BEGIN SOURCE DATA
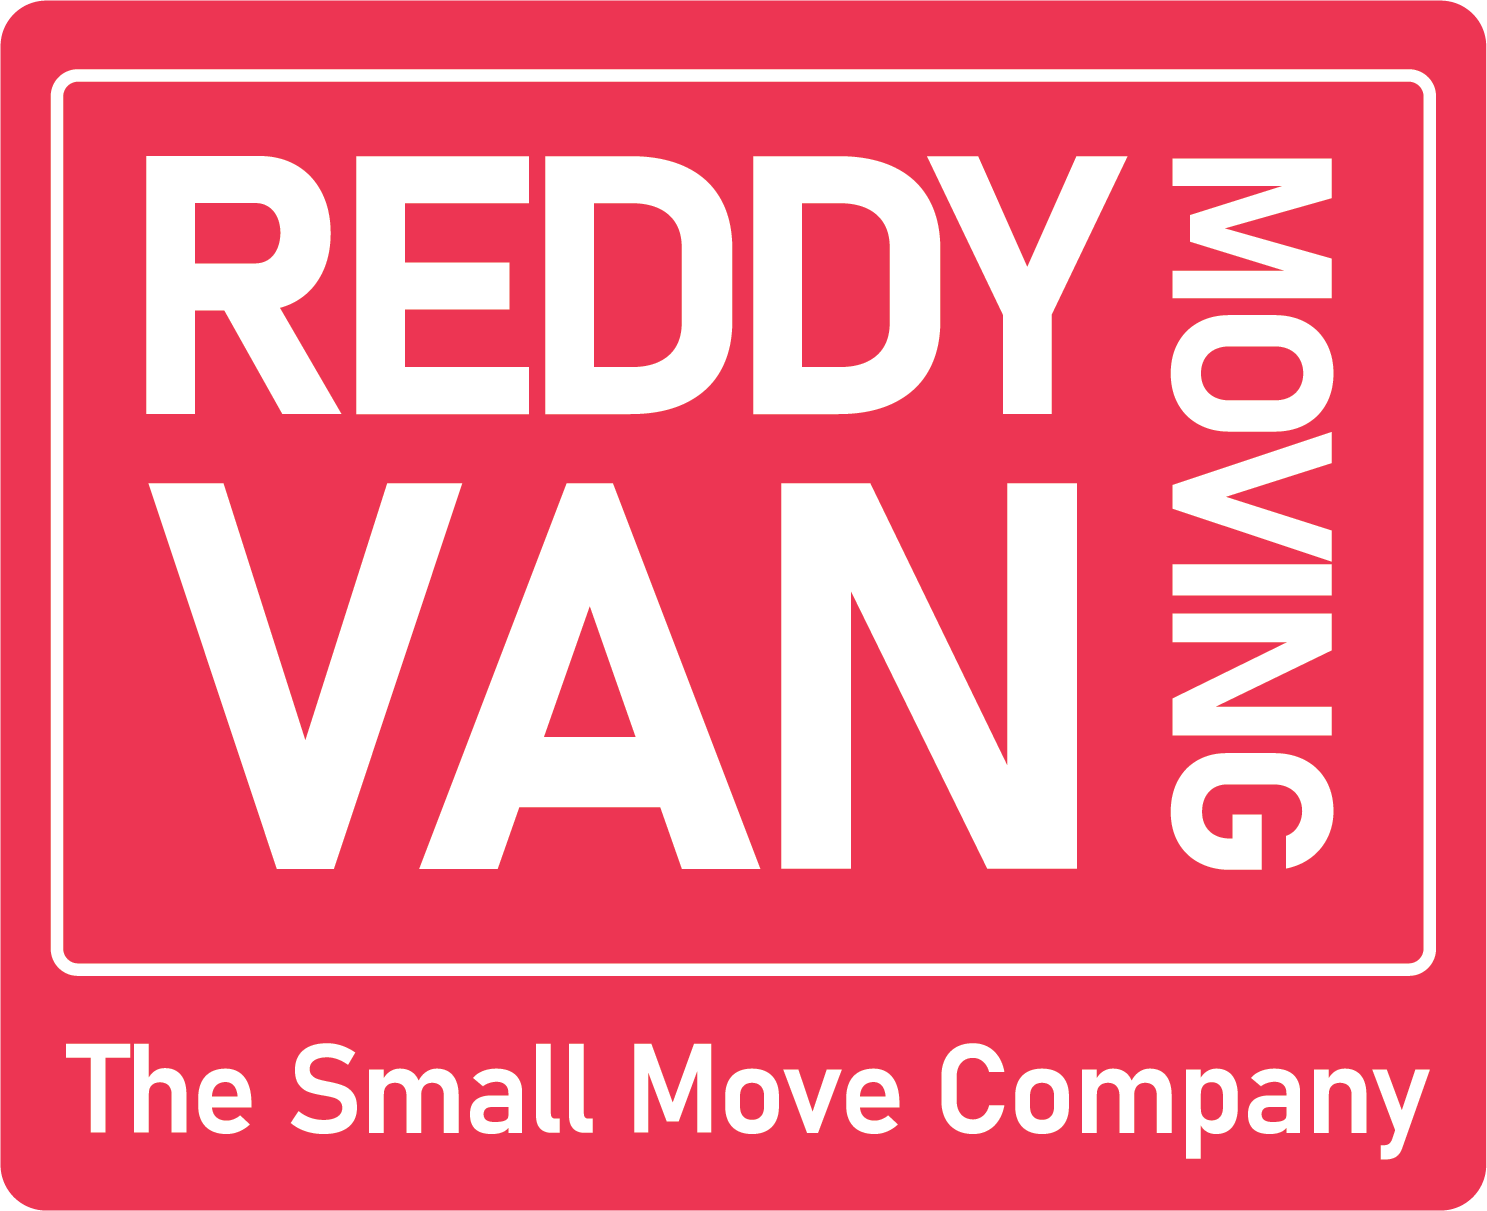 reddy van moving the small move company logo
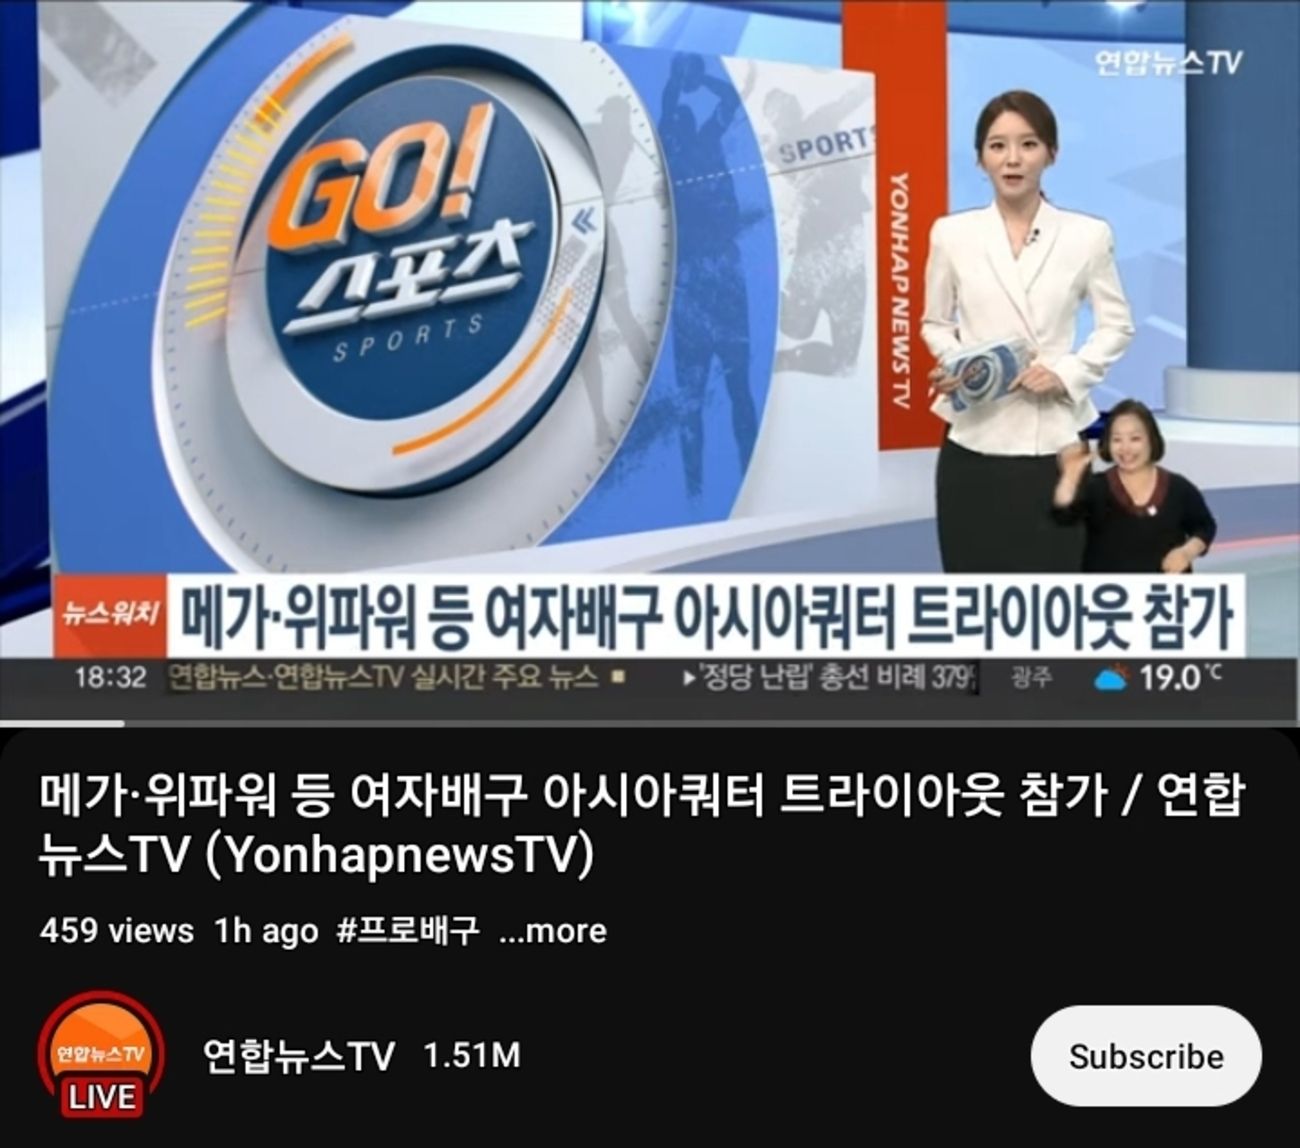 TV Korea Soroti Kembalinya Megawati Hangestri Ke V-League
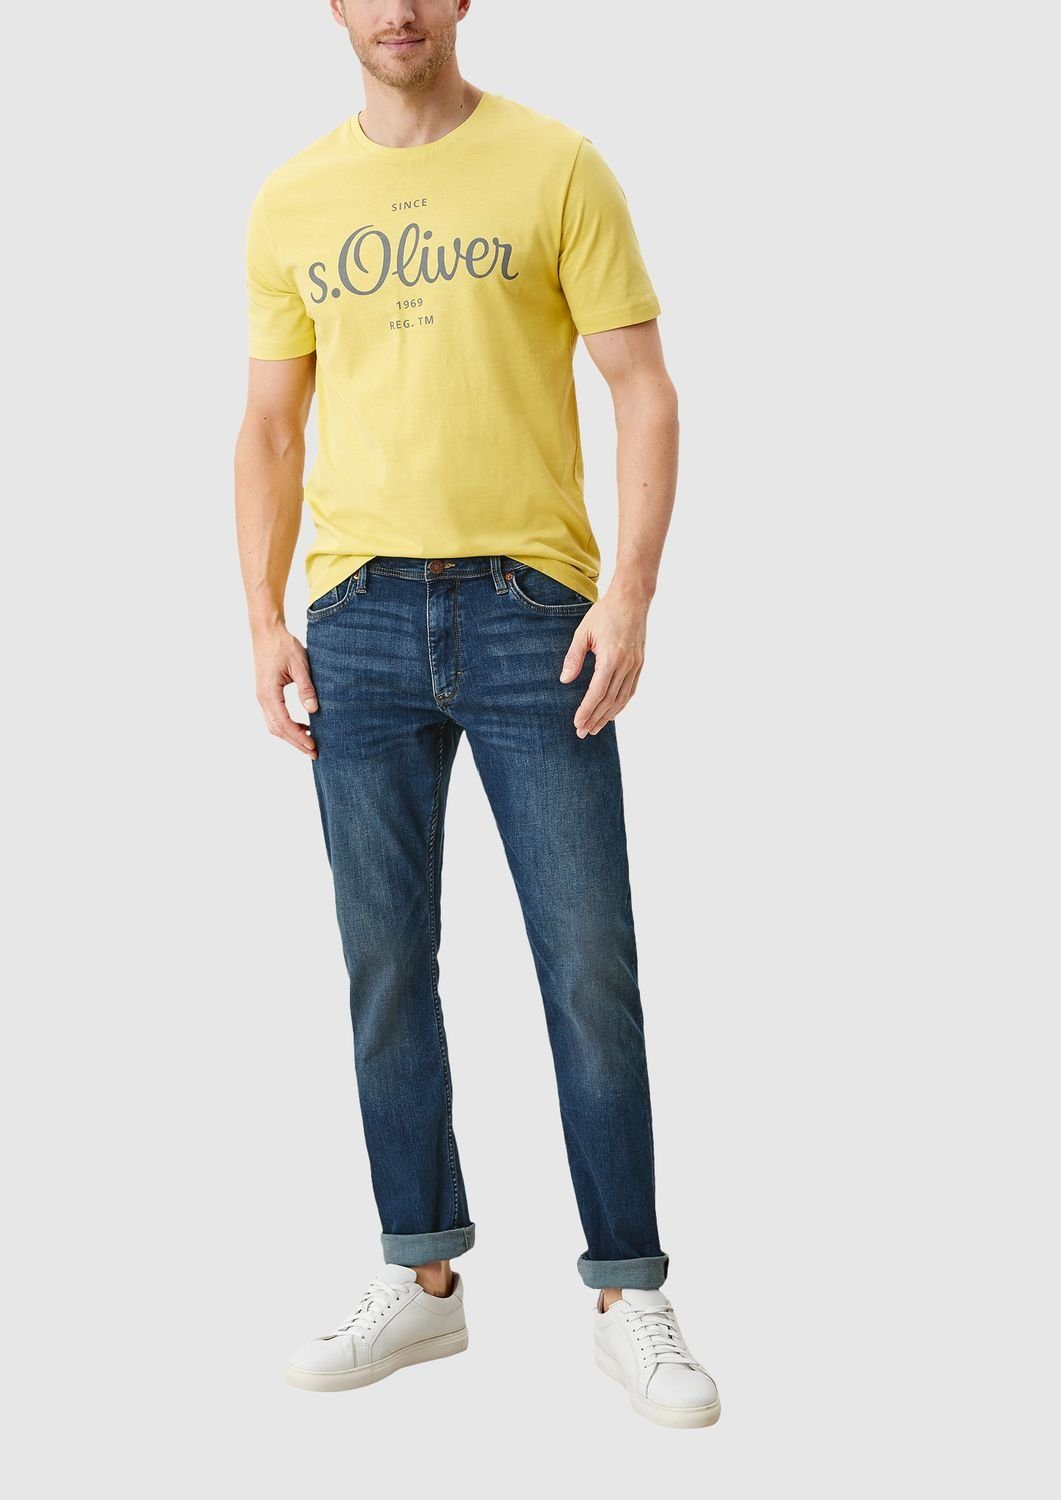 Fit, Bundhöhe: s.Oliver Beinverlauf: Leg KEITH Blau Slim-fit-Jeans Slim Medium rise, Straight
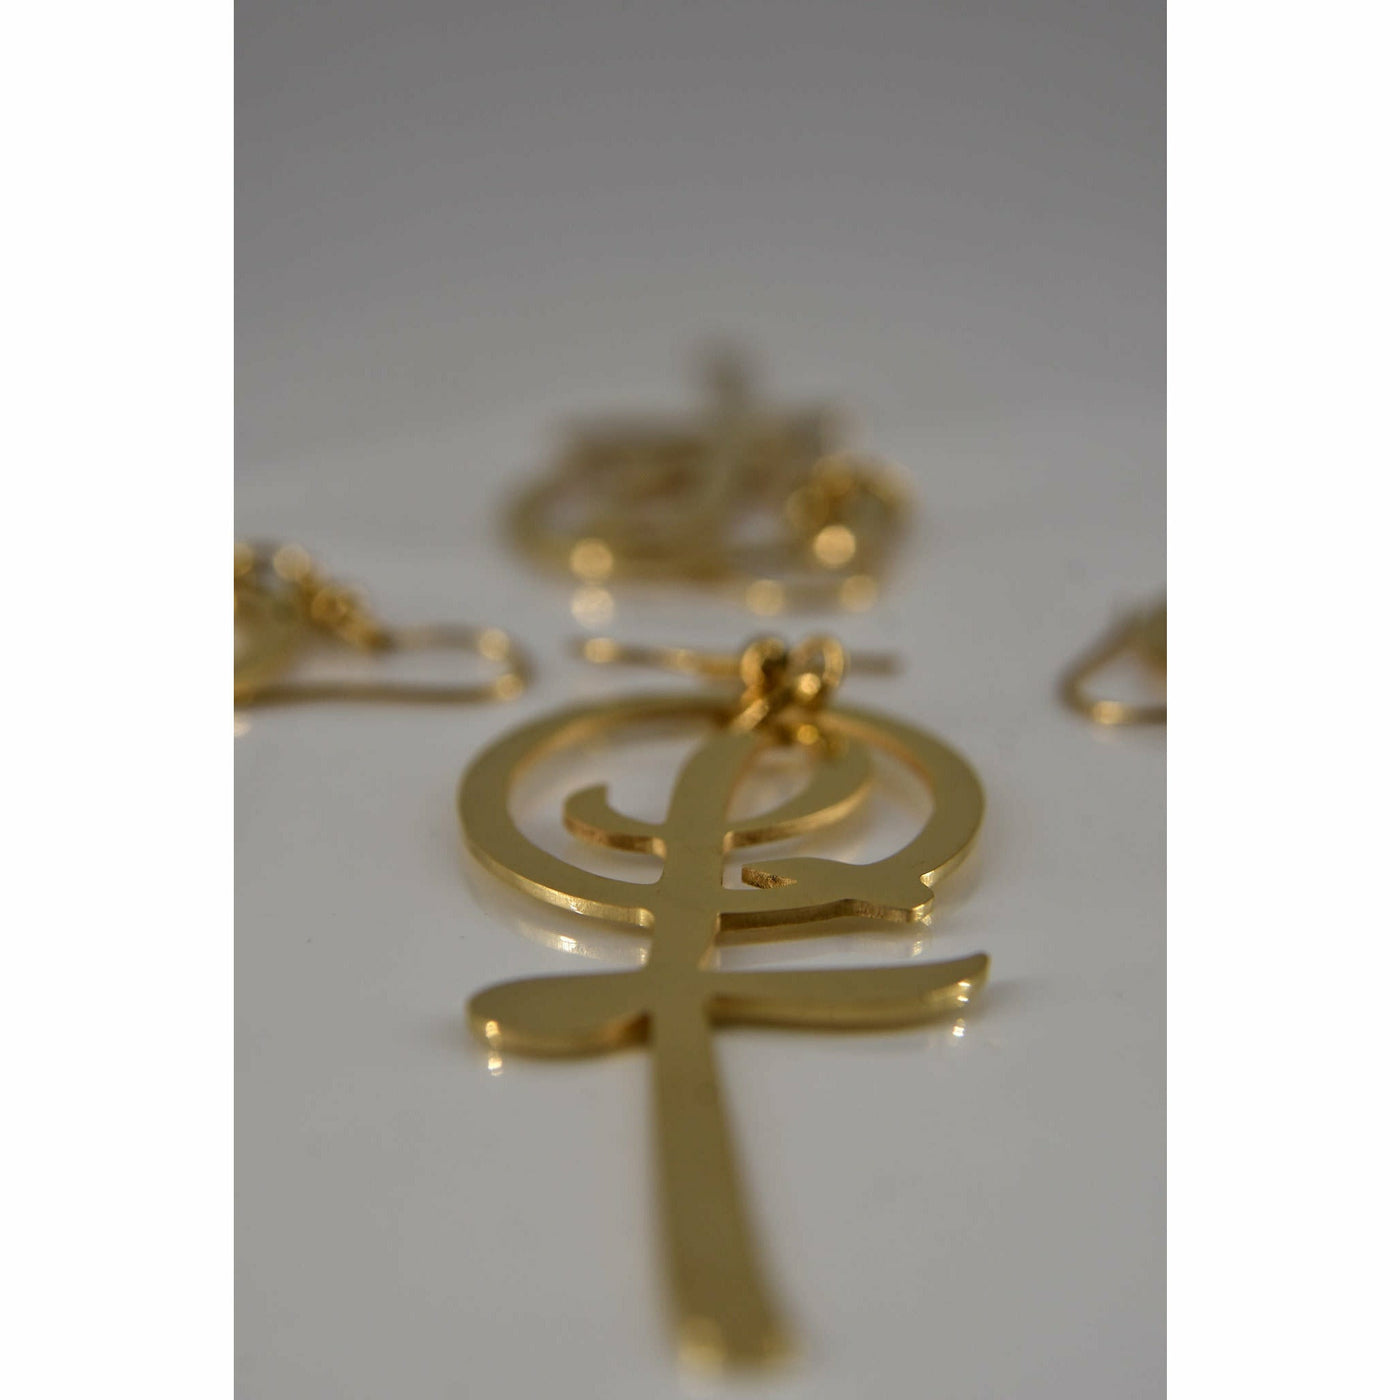 QLT 18 KT Gold Plated Royal Awareness Medium 2.5 inch Earrings
END SOURCE DATA
◆ WHAT NEEDS TO BE DONE
Write out the data above in full and exactly, but not the pictures.

◆ OUTPUT OF THE EXERCISE
 reddy van moving the small move company logo
 TV Korea Soroti Kembalinya Megawati Hangestri Ke V-League
 Fit, Bundhöhe: s.Oliver Beinverlauf: Leg KEITH Blau Slim-fit-Jeans Slim Medium rise, Straight
 QLT 18 KT Gold Plated Royal Awareness Medium 2.5 inch Earrings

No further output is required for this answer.